Frequently asked questions
- Where is Sunset Tower Hotel located?
- At 8358 Sunset Boulevard on the Sunset Strip in West Hollywood — the principal Sunset Strip cluster between Hollywood and Beverly Hills. The position places the property within the principal West Hollywood entertainment-industry corridor with views over Beverly Hills, the Hollywood Hills, and downtown Los Angeles.
- What is the architectural heritage?
- Sunset Tower was designed in 1929 by architect Leland A. Bryant and opened in 1931 as one of the finest examples of Art Deco architecture in the Los Angeles area.
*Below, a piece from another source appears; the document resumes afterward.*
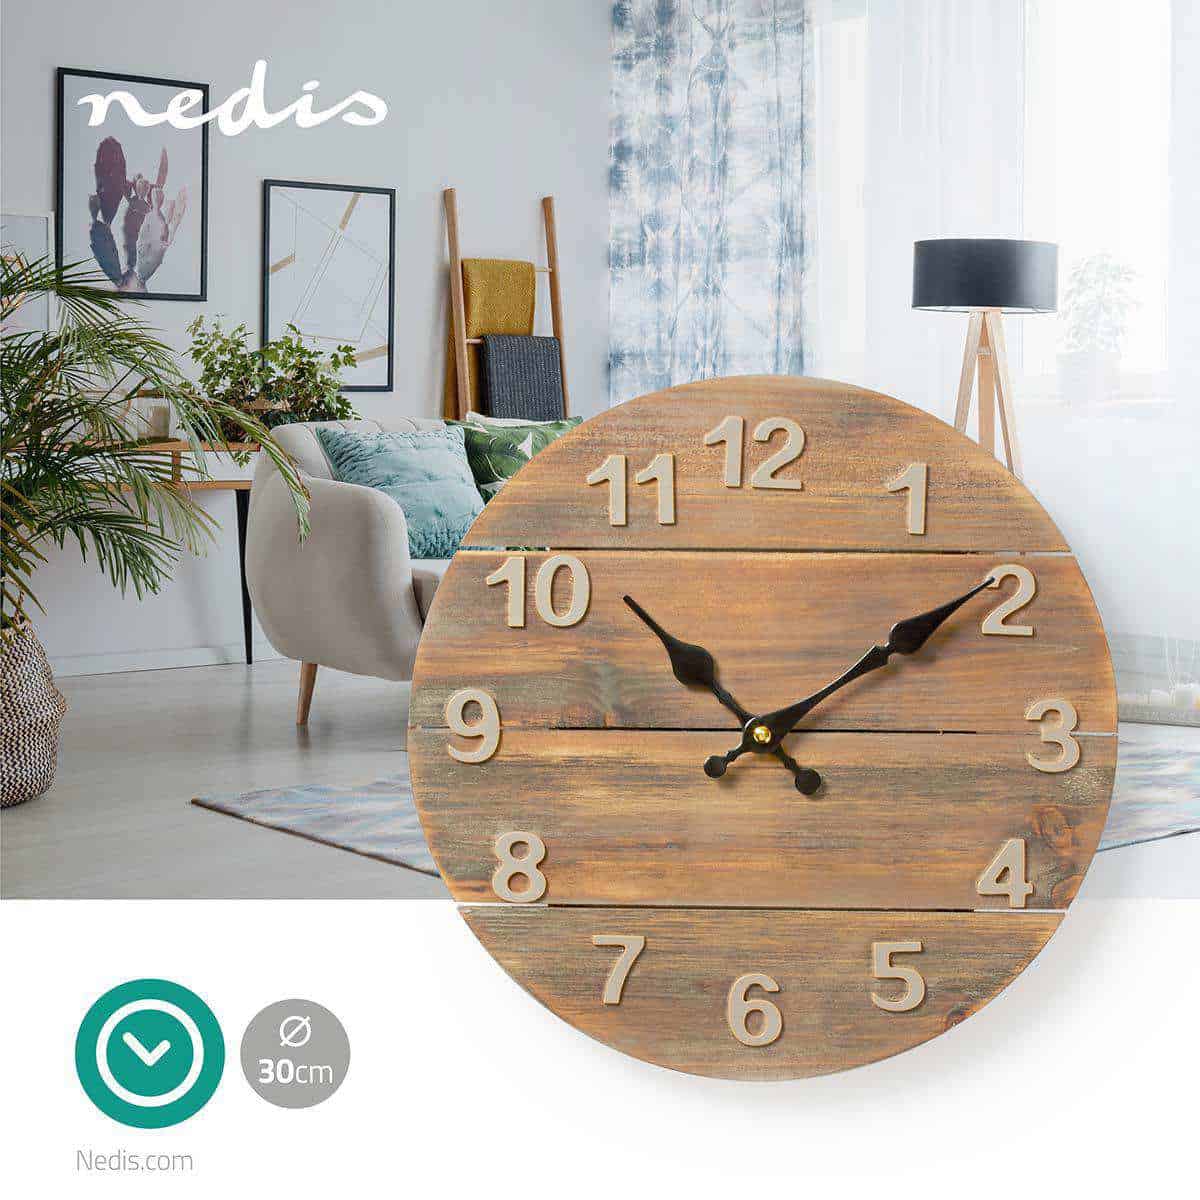 Relógio de parede em madeira 30cm Nedis

The exterior features an eclectic assortment of decorative motifs including male and female figures, stags, goats, fighter planes, an eagle, an elephant, the sun, a zeppelin, a submarine, and a pagoda — reflecting the broader 1920s American Art Deco design register.
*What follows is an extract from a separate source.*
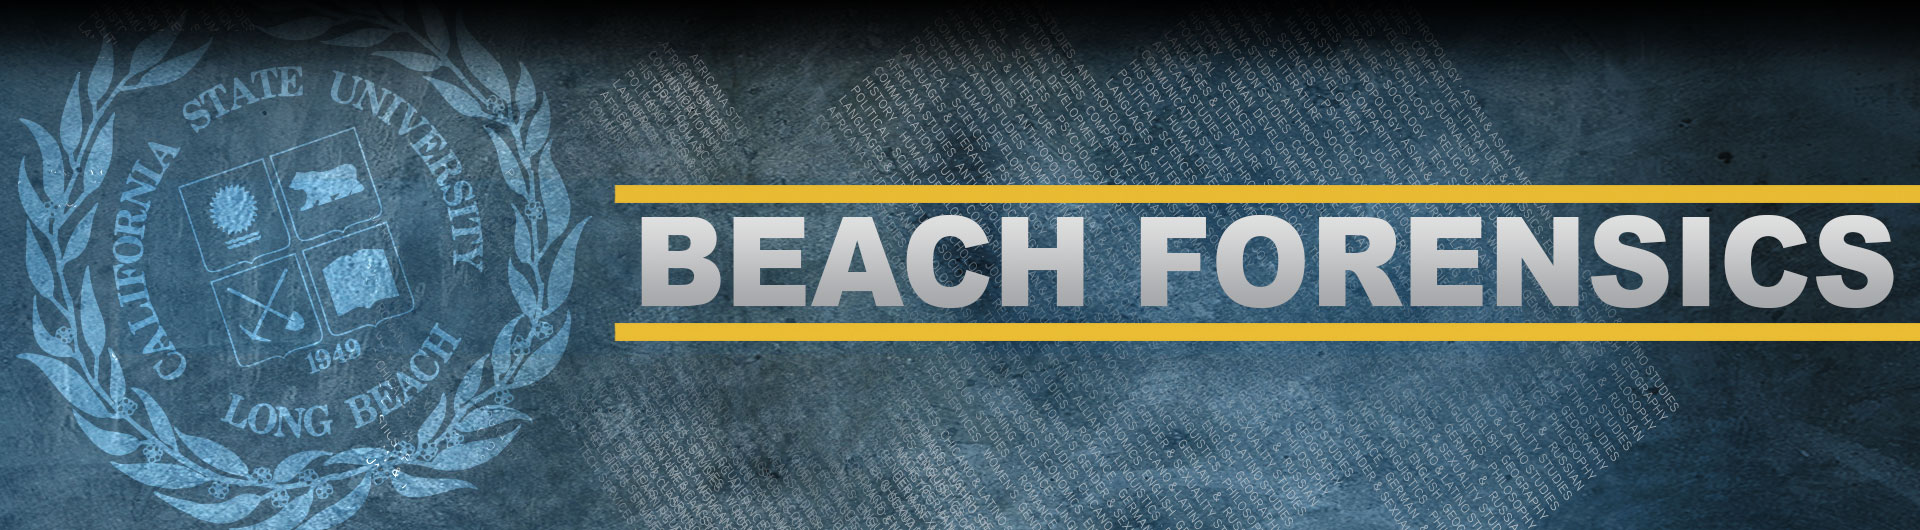 Beach Forensics

- How is the hotel configured?
- 81 guest rooms and suites total — distributed across the Art Deco tower. Each accommodation features panoramic floor-to-ceiling windows with city views (Beverly Hills, Hollywood Hills, downtown LA orientations), Egyptian cotton linens, luxury toiletries, complimentary wireless internet, Nespresso machines, and gourmet minibars.
- Who are the notable former residents?
- The building counted among its former residents Howard Hughes, John Wayne, Billie Burke, Marilyn Monroe, Errol Flynn, Elizabeth Taylor, Frank Sinatra, Paulette Goddard, Zasu Pitts, and gangster Bugsy Siegel. The historical-resident roster anchors the property's broader cultural-heritage commercial position within the Sunset Strip context.
- What is the Argyle / Sunset Tower naming history?
- The hotel operated under multiple names through the 20th century. In 1992, the Lancaster Group purchased the hotel from Peter de Savary and renamed it the Argyle. In 2004, Jeff Klein and Peter Krulewitch purchased the property, and Klein hired designer Paul Fortune to renovate the hotel and restore its original name — Sunset Tower. The property has operated under the restored Sunset Tower name since the 2004 acquisition.
- How does Sunset Tower sit in the 2026 West Hollywood / Sunset Strip hotel set?
- Sunset Tower operates as the principal Sunset Strip historic-luxury hotel — distinguishing it from the Beverly Hills ultra-luxury cluster (Peninsula, Maybourne, Beverly Hills Hotel, Hotel Bel-Air) and the broader West Hollywood boutique-luxury set (Pendry West Hollywood, Edition West Hollywood, Chateau Marmont). Sunset Tower's structural advantages are the 1929 Art Deco landmark heritage, the 81-room boutique scale, the floor-to-ceiling-window room product, the Jeff Klein ownership and Paul Fortune-designed restoration, and the historical-resident heritage.